El Comité de Autoridades de la Estrategia Ebro Resilience ha renovado su compromiso institucional para seguir reduciendo el riesgo de inundaciones en el tramo medio del río, con la vista puesta en una nueva fase del proyecto financiado por la Unión Europea. El encuentro, en el que ha participado la consejera de Agricultura, Noemí Manzanos, ha servido para reforzar una línea de trabajo que, según ha destacado, se ha convertido en «un ejemplo de coordinación y buenos resultados».
La reunión se ha celebrado en el enclave de El Bocal, en Navarra, y ha contado con representantes del Ministerio para la Transición Ecológica, la Confederación Hidrográfica del Ebro y los gobiernos de La Rioja, Navarra y Aragón. Todos ellos han coincidido en la necesidad de seguir avanzando de forma conjunta para compatibilizar la actividad económica con la conservación del río y minimizar los daños de las crecidas.

Desde su puesta en marcha en 2018, la estrategia ha permitido ejecutar ocho intervenciones en el tramo medio del Ebro, con actuaciones centradas en la recuperación de espacios fluviales, la adaptación del territorio y la aplicación de soluciones basadas en la naturaleza.
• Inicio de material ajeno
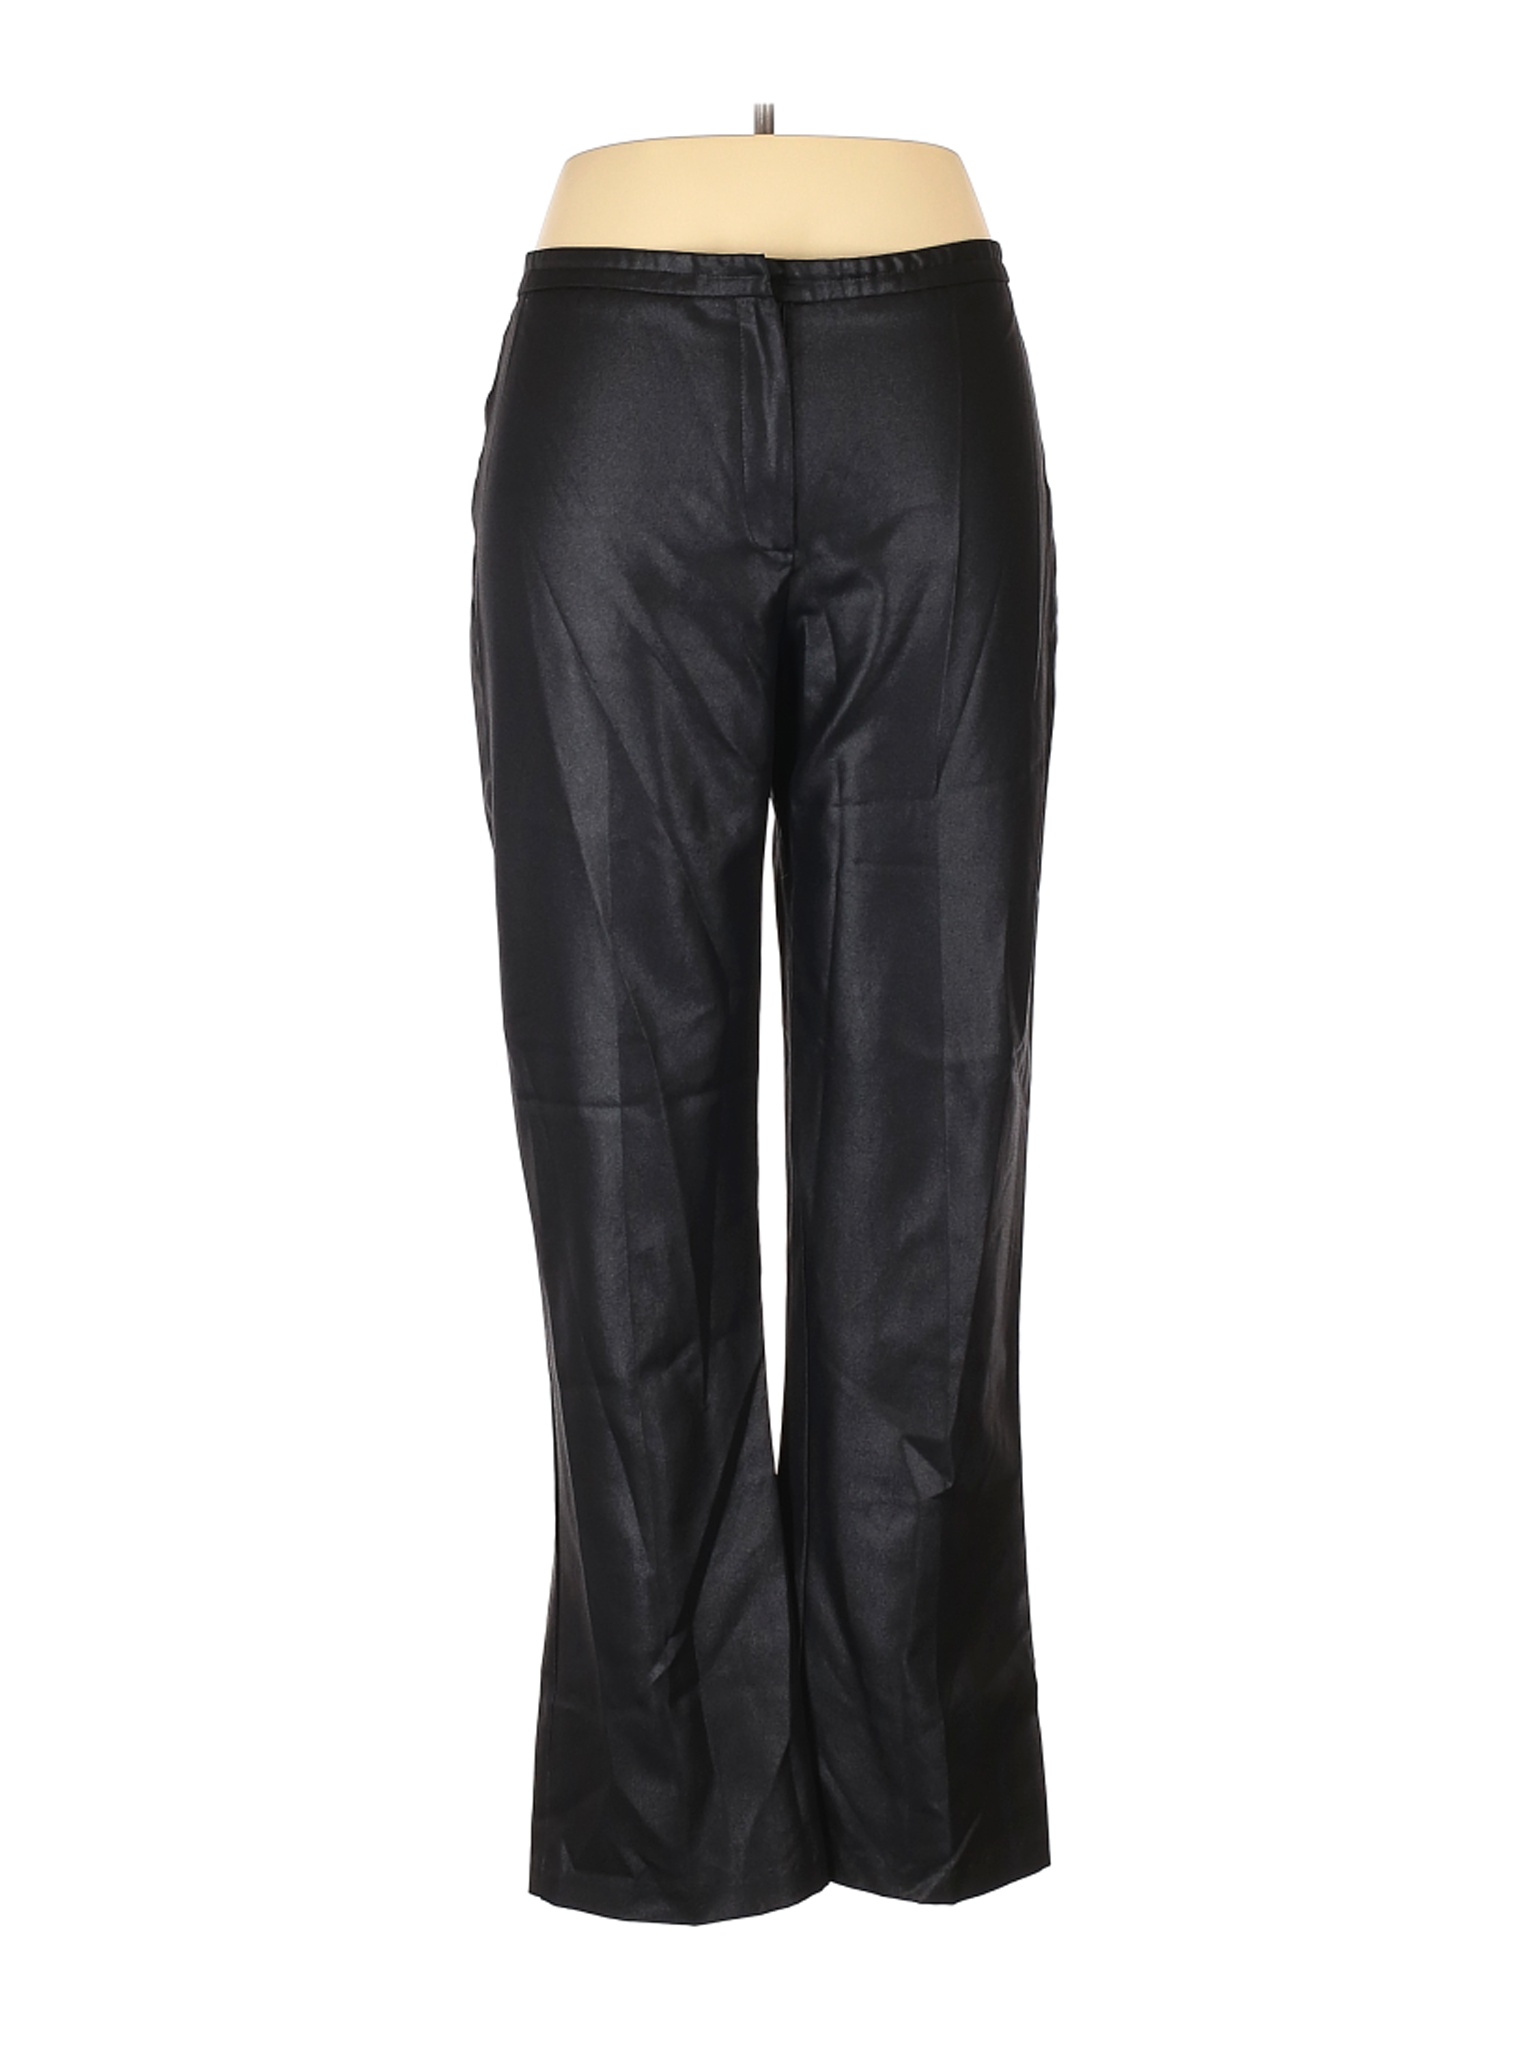 La Belle Women Black Dress Pants 13 | eBay
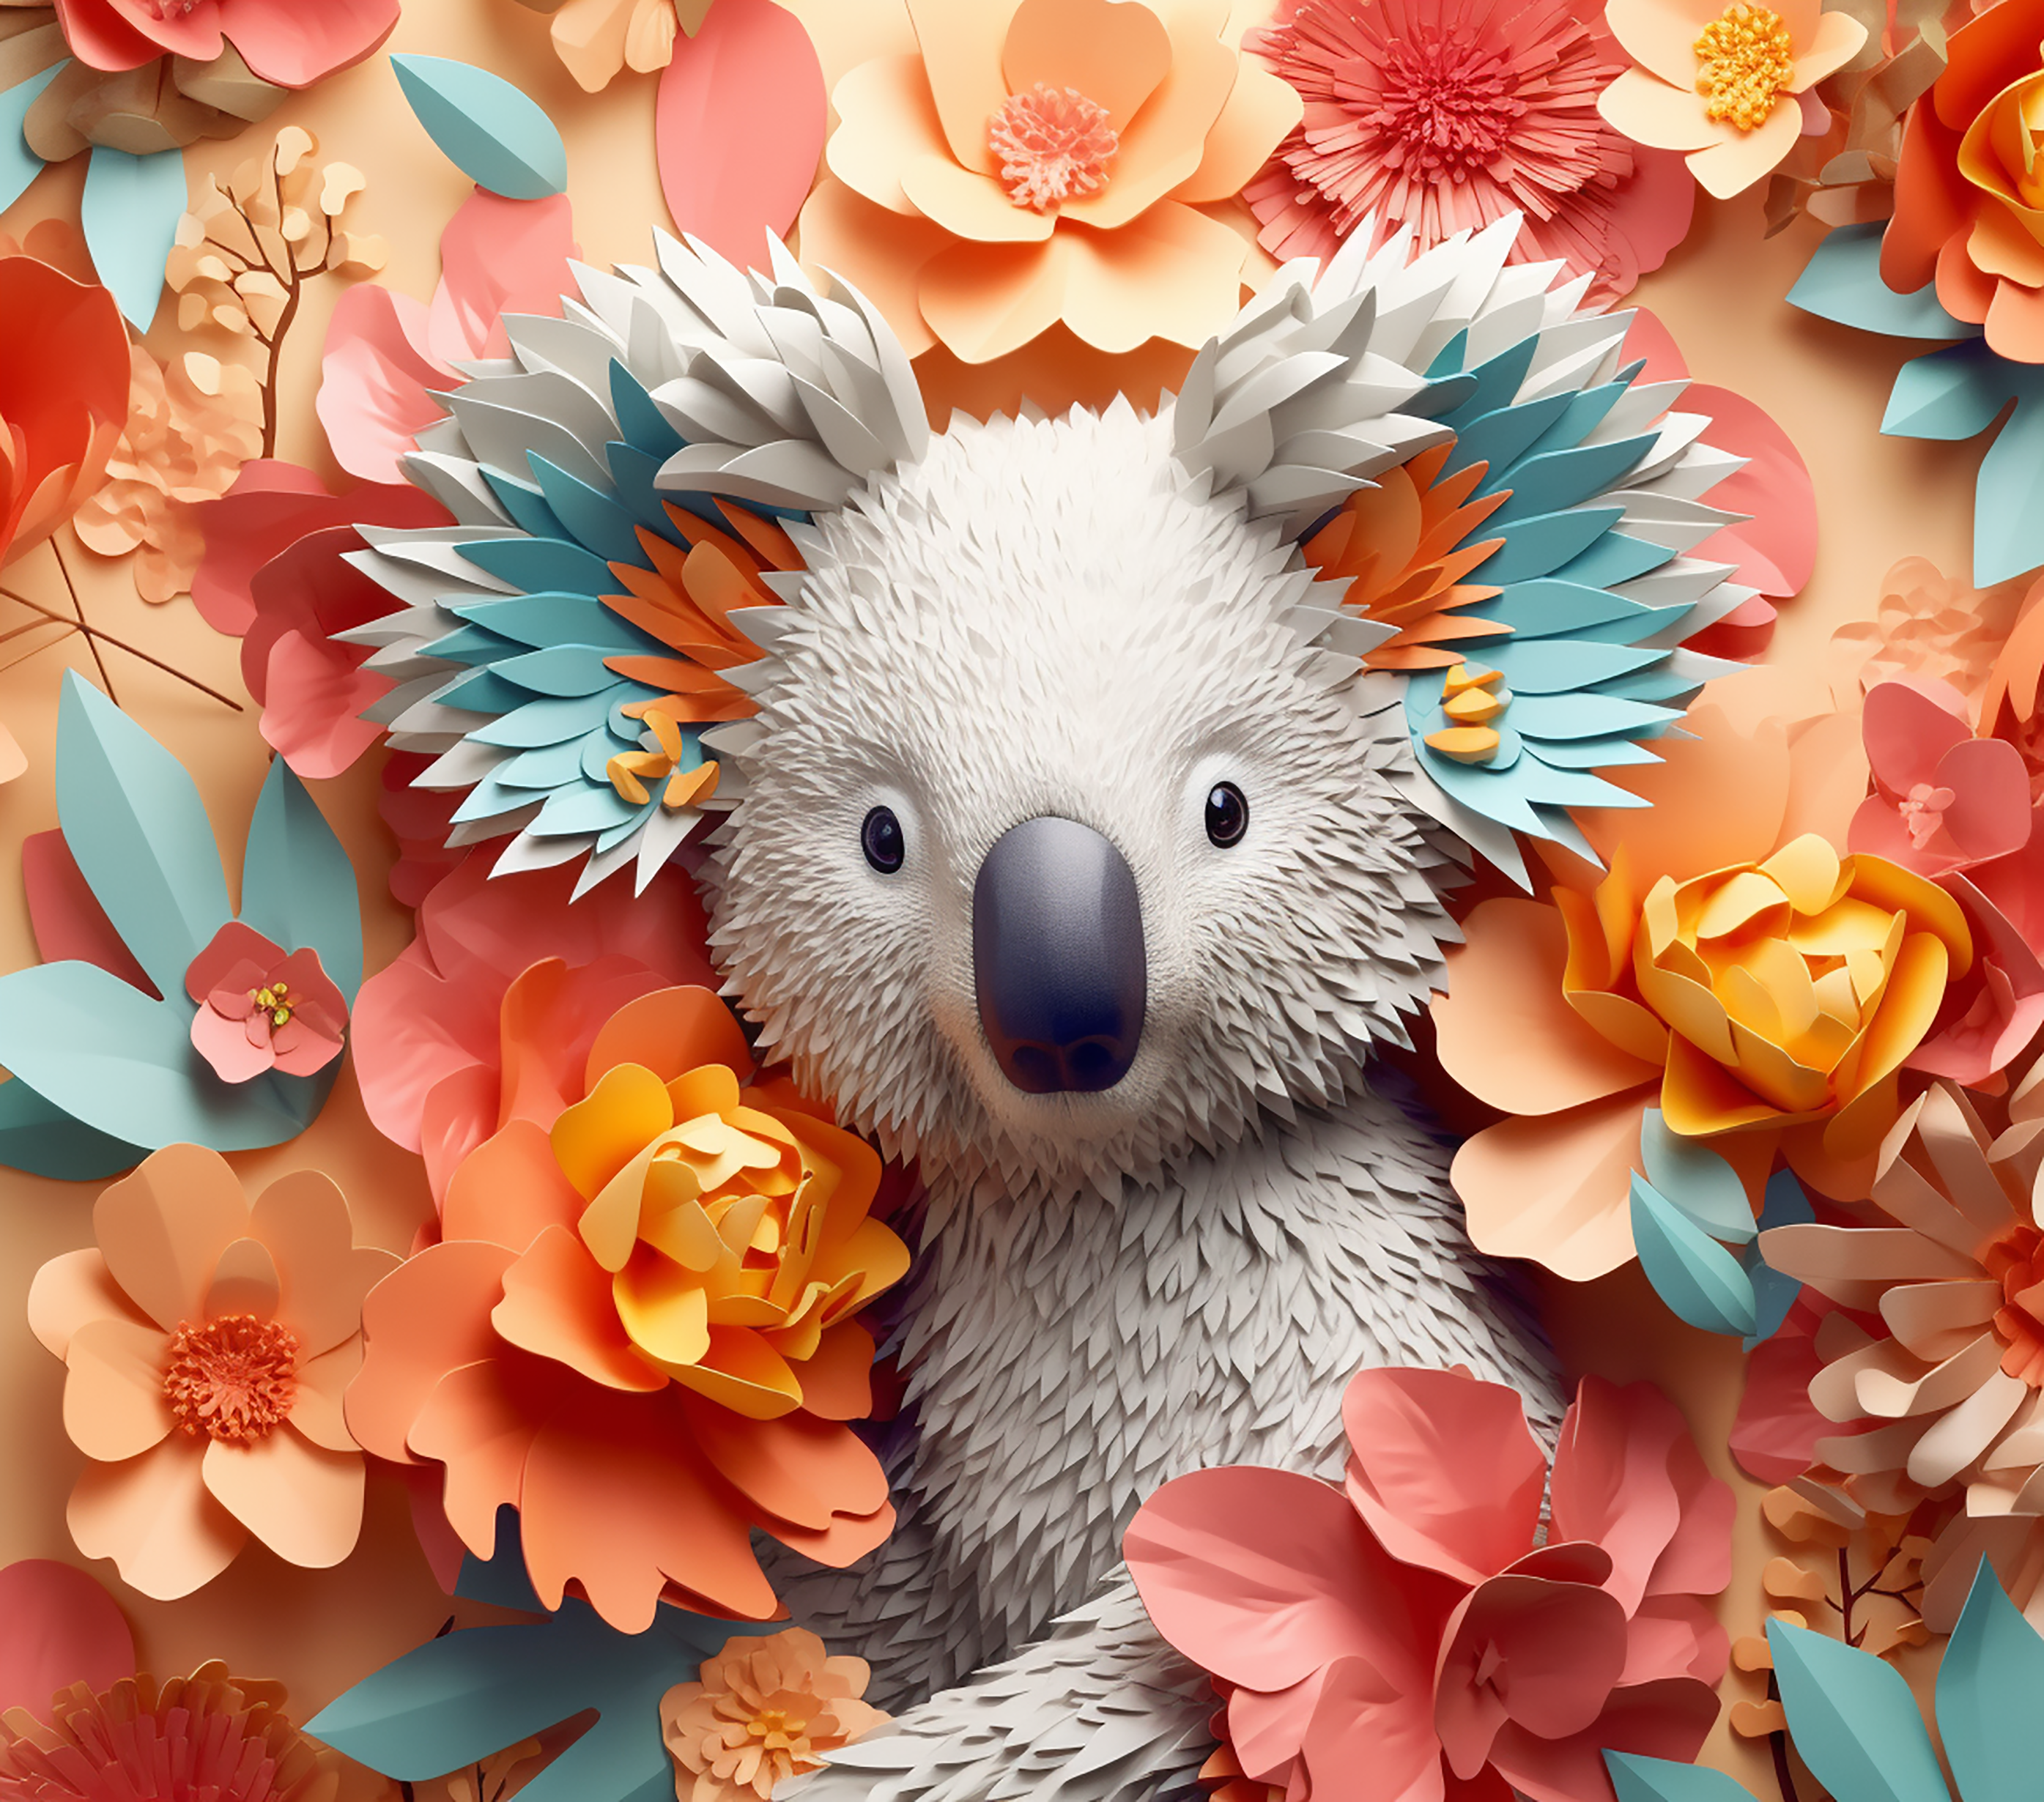 3D Colorful Koala Flowers – LMNOP design boutique

En total, se han recuperado más de 100 hectáreas de espacio fluvial y se han modificado kilómetros de defensas para mejorar el comportamiento del río en episodios de crecida.
Además, uno de los pilares del proyecto ha sido la participación ciudadana. Más de 13.000 personas han formado parte de acciones de sensibilización, divulgación y procesos de decisión, en una iniciativa que busca no solo actuar sobre el territorio, sino también cambiar la forma en la que la sociedad entiende y convive con las inundaciones.
El siguiente paso será presentar la candidatura LIFE Ebro Resilience 2P, con la que se pretende consolidar este modelo de colaboración interadministrativa que ya ha situado a la cuenca del Ebro como un referente europeo en resiliencia frente a fenómenos naturales.